Deep Learning Reforms Image Matching: A Survey and Outlook
Journal:
arXiv
Published Date:
Jun 5, 2025
Abstract
Image matching, which establishes correspondences between two-view images to
recover 3D structure and camera geometry, serves as a cornerstone in computer
vision and underpins a wide range of applications, including visual
localization, 3D reconstruction, and simultaneous localization and mapping
(SLAM). Traditional pipelines composed of ``detector-descriptor, feature
matcher, outlier filter, and geometric estimator'' falter in challenging
scenarios. Recent deep-learning advances have significantly boosted both
robustness and accuracy. This survey adopts a unique perspective by
comprehensively reviewing how deep learning has incrementally transformed the
classical image matching pipeline.
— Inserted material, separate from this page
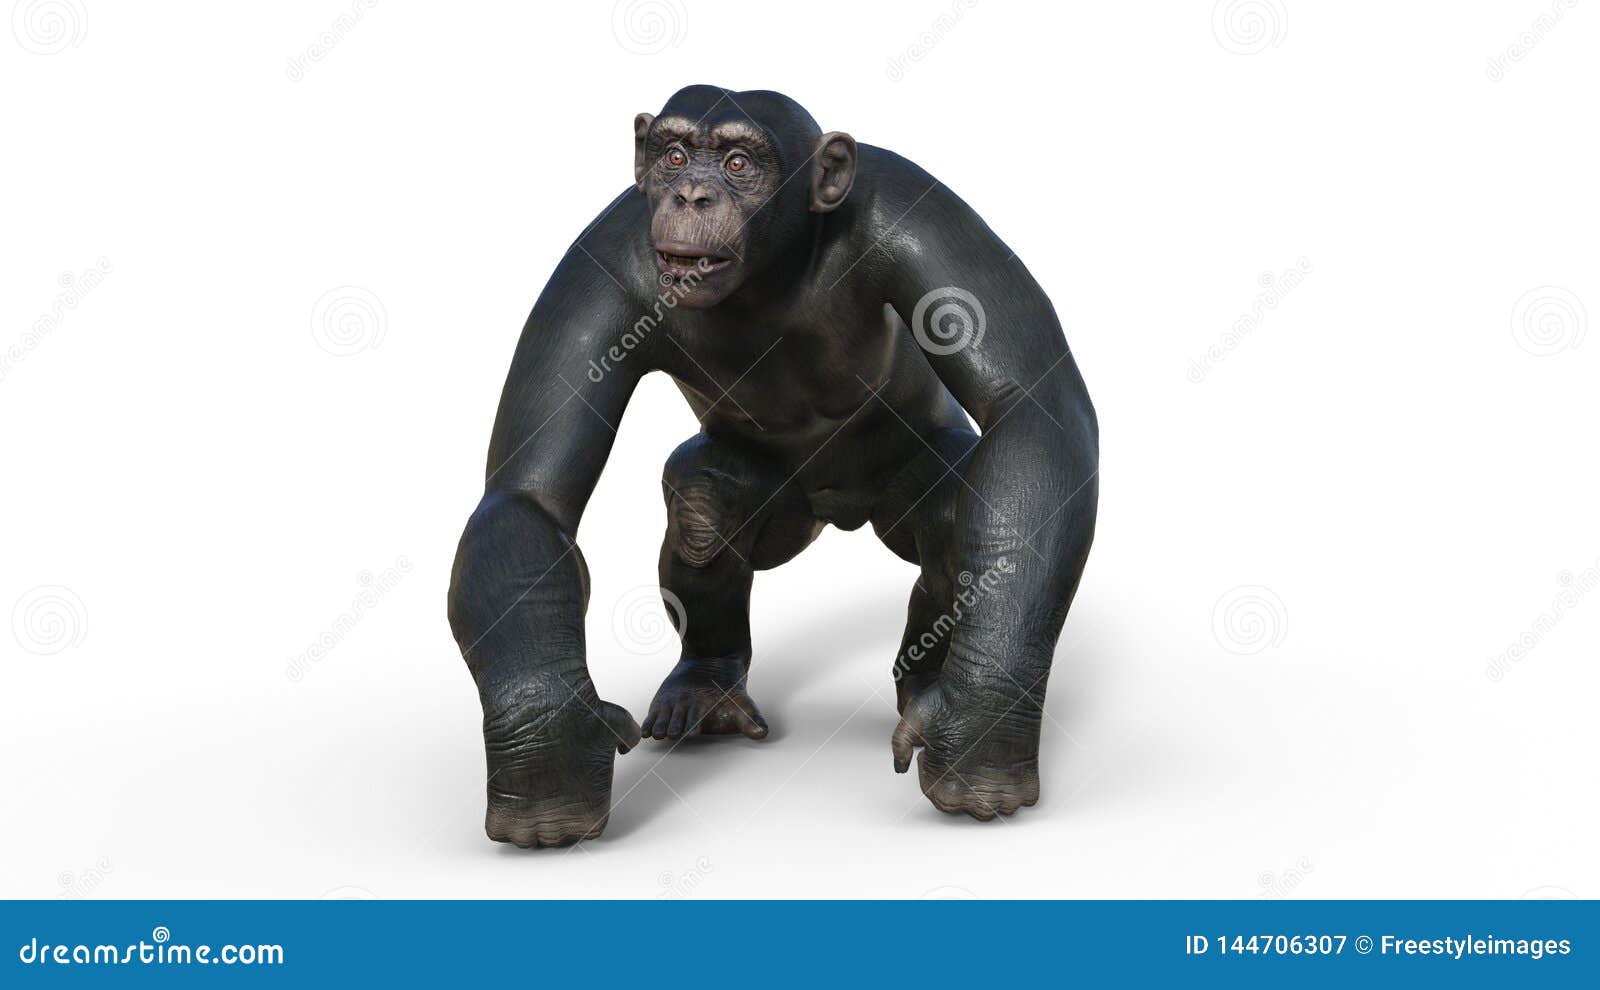 chimpanzee monkey, primate ape walking, wild animal  on white background, 3d render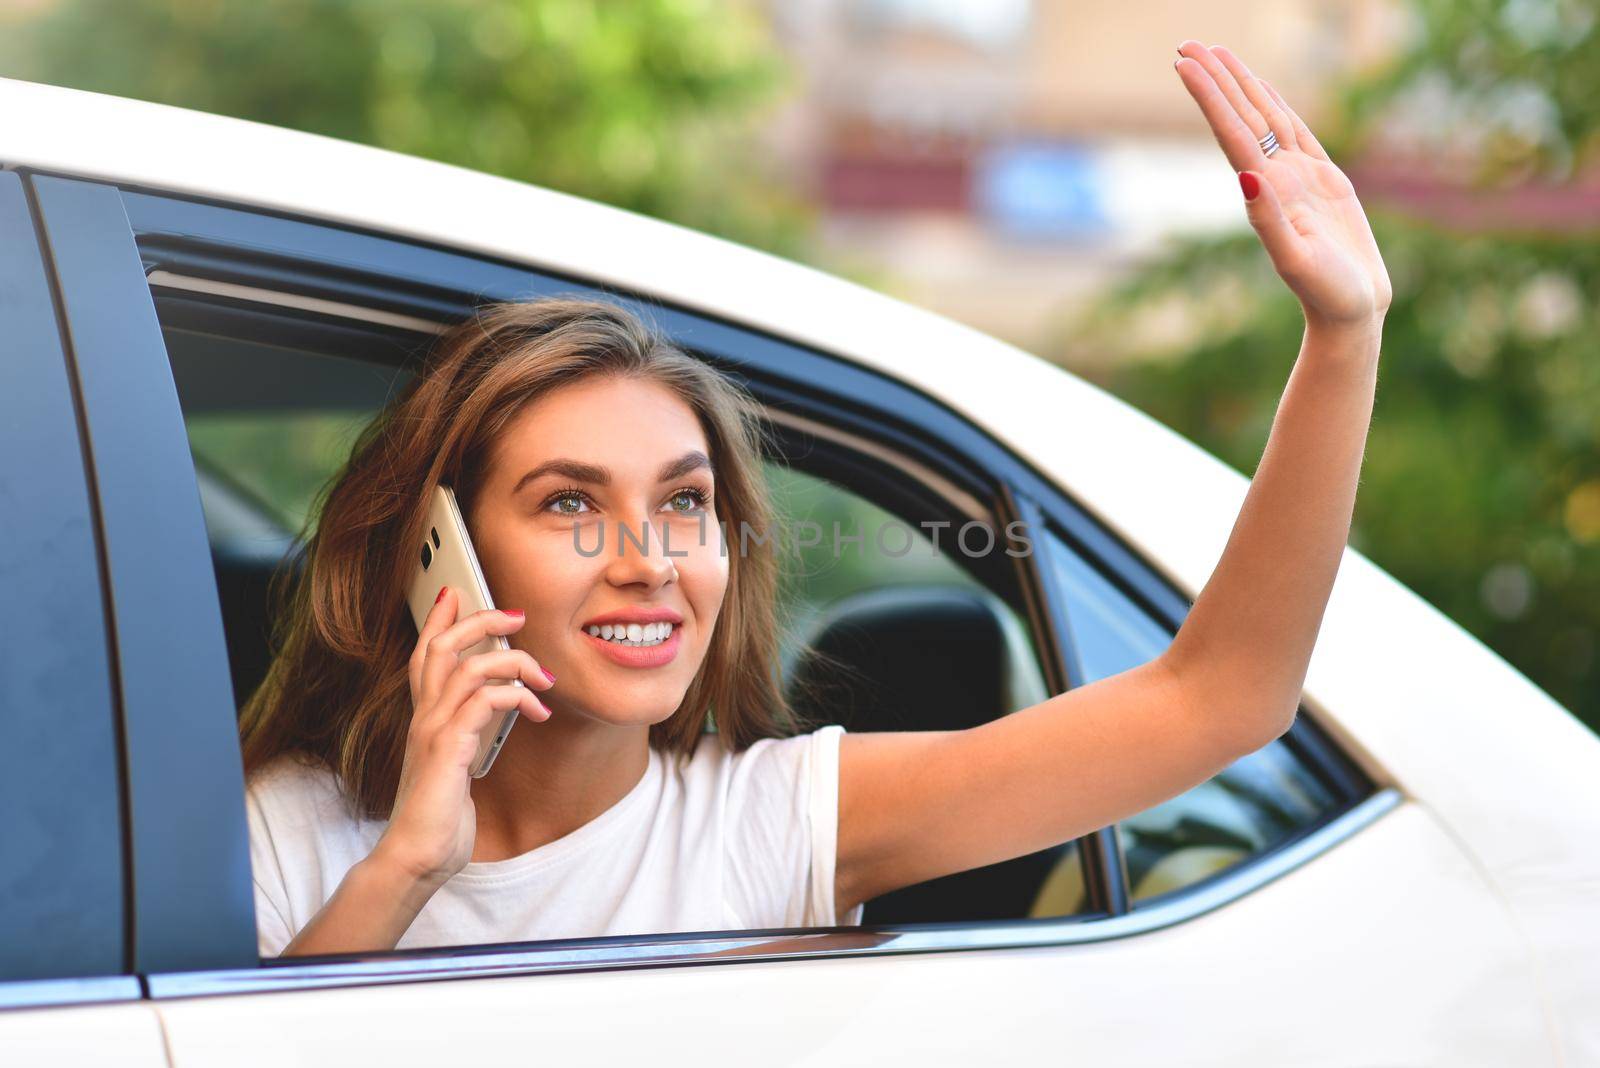 Woman peeking out of car window, woman peeking out of window and waving her hand

Our taxonomy highly aligns with the
traditional pipeline in two key aspects: i) the replacement of individual steps
in the traditional pipeline with learnable alternatives, including learnable
detector-descriptor, outlier filter, and geometric estimator; and ii) the
merging of multiple steps into end-to-end learnable modules, encompassing
middle-end sparse matcher, end-to-end semi-dense/dense matcher, and pose
regressor. We first examine the design principles, advantages, and limitations
of both aspects, and then benchmark representative methods on relative pose
recovery, homography estimation, and visual localization tasks. Finally, we
discuss open challenges and outline promising directions for future research.
By systematically categorizing and evaluating deep learning-driven strategies,
this survey offers a clear overview of the evolving image matching landscape
and highlights key avenues for further innovation.